## GIVEN DATA

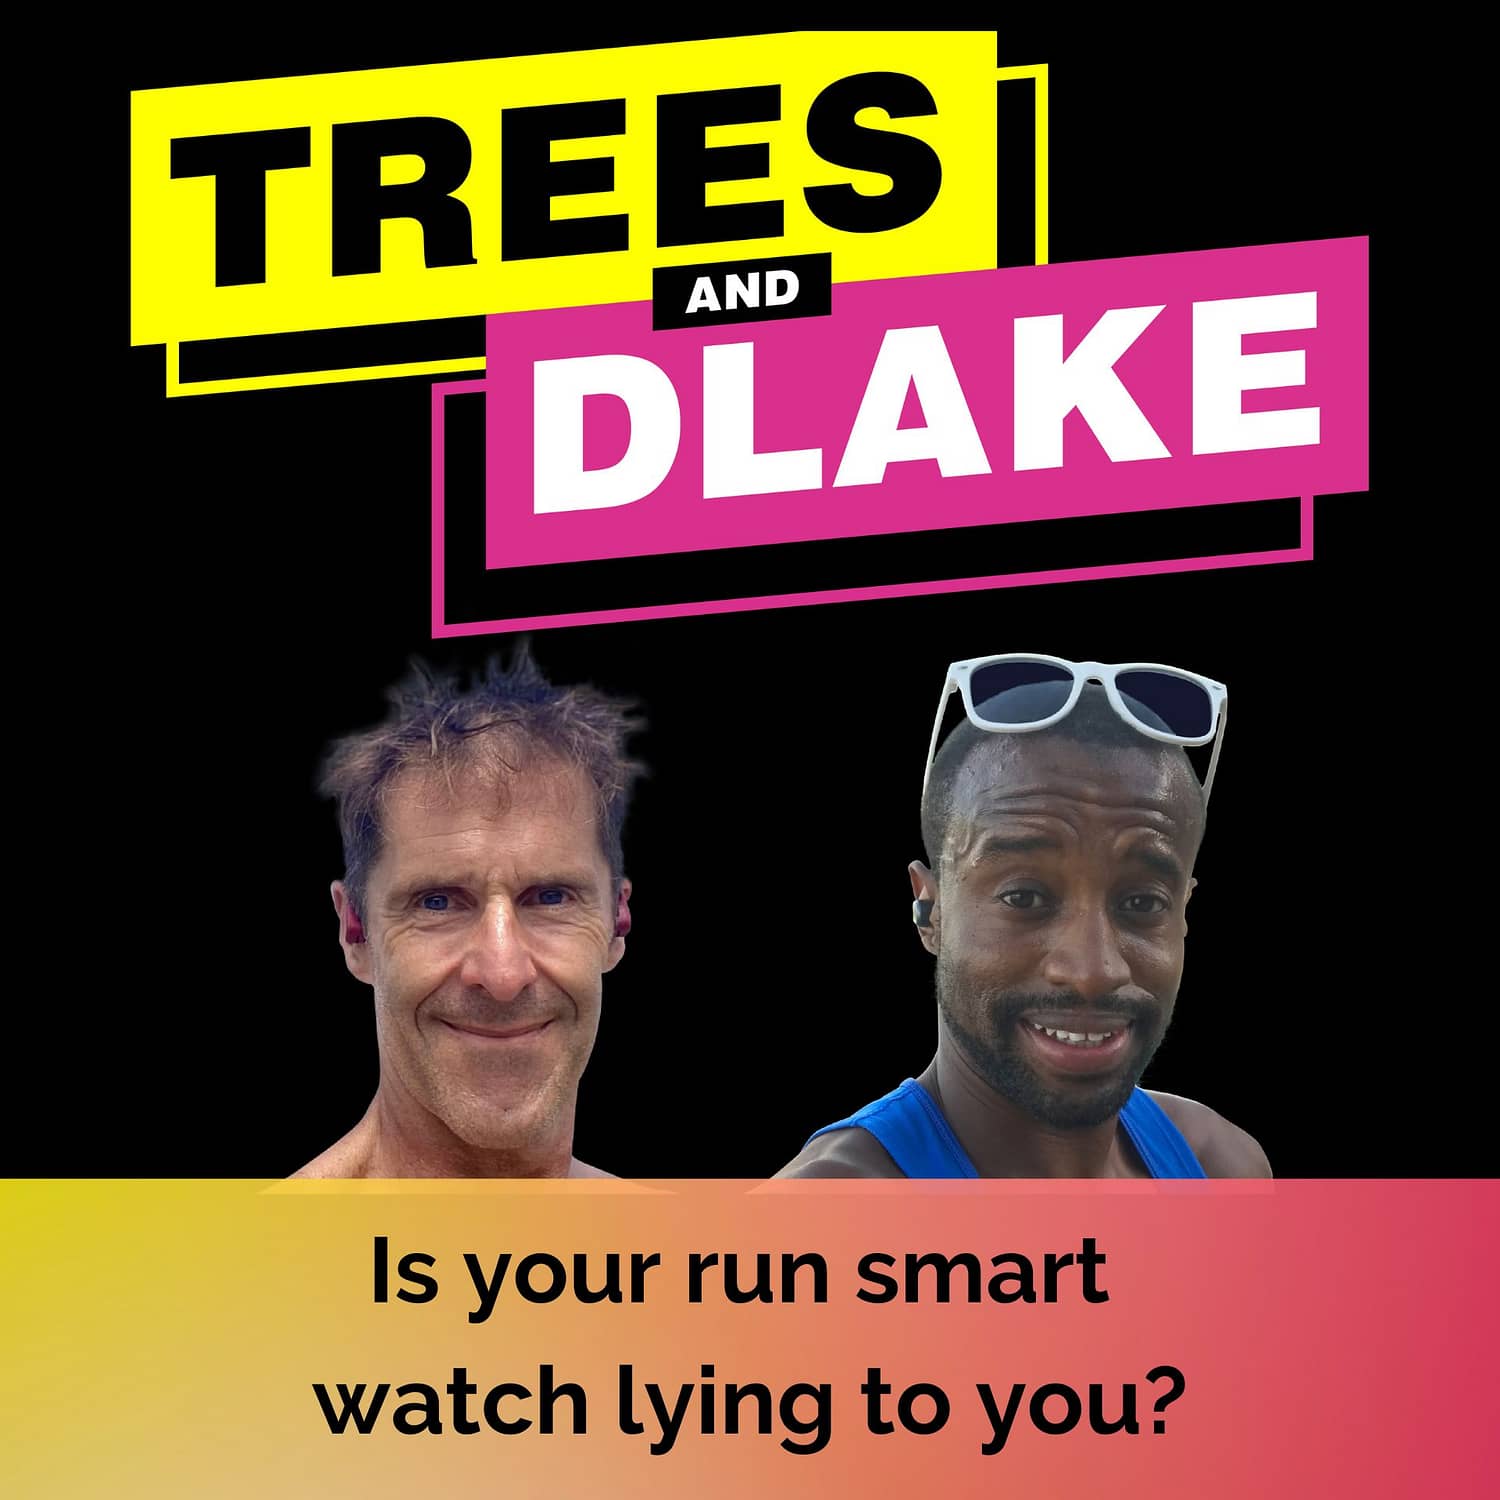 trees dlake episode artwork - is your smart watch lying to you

---

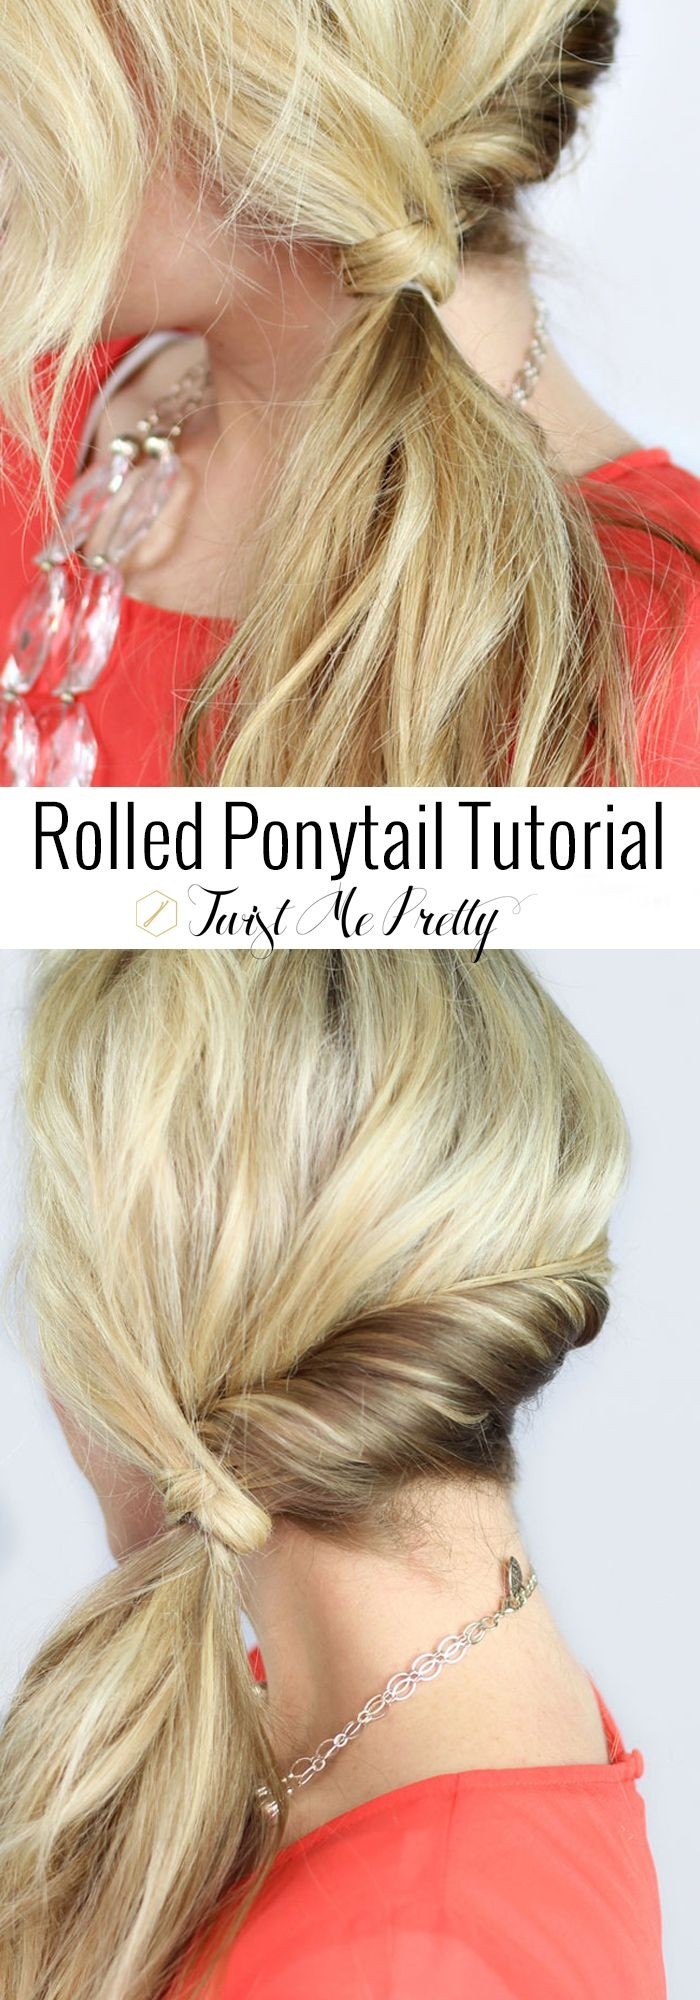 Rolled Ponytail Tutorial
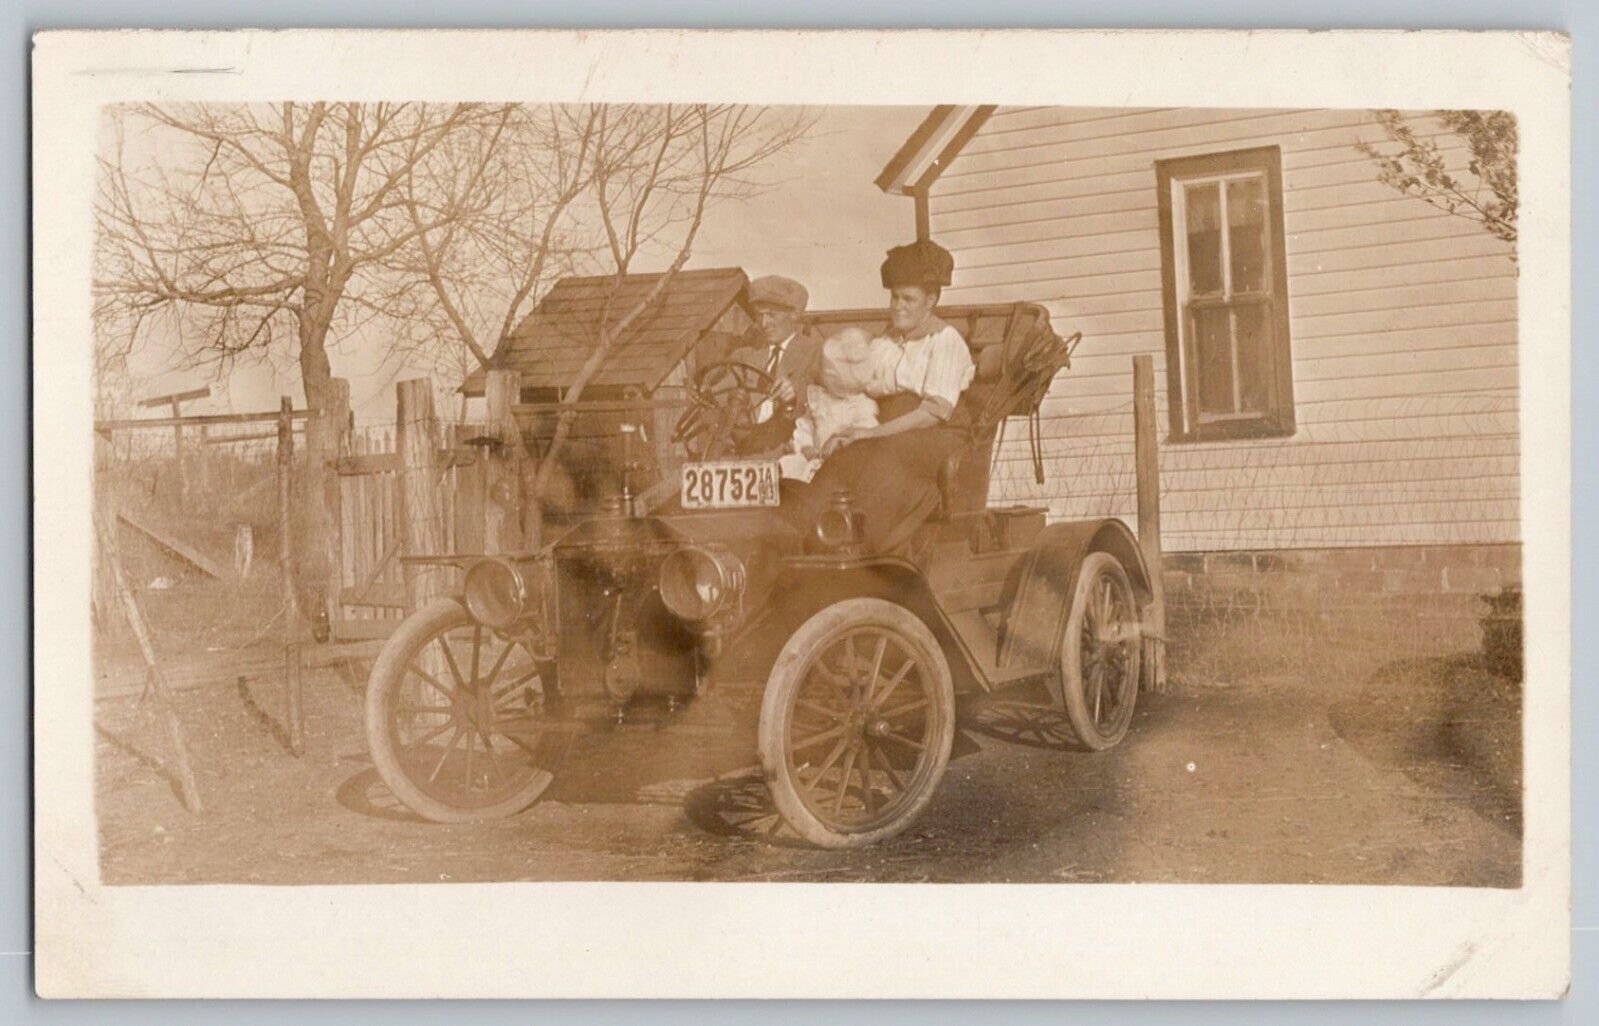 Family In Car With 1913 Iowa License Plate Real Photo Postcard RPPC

## WHAT YOU ARE ASKED TO DO
From the material above, give again exactly the lines from the one that contains "Rolled Ponytail Tutorial" through the one that contains "Family In Car", and leave out the pictures.

## WRITTEN ANSWER
 Rolled Ponytail Tutorial
 Family In Car With 1913 Iowa License Plate Real Photo Postcard RPPC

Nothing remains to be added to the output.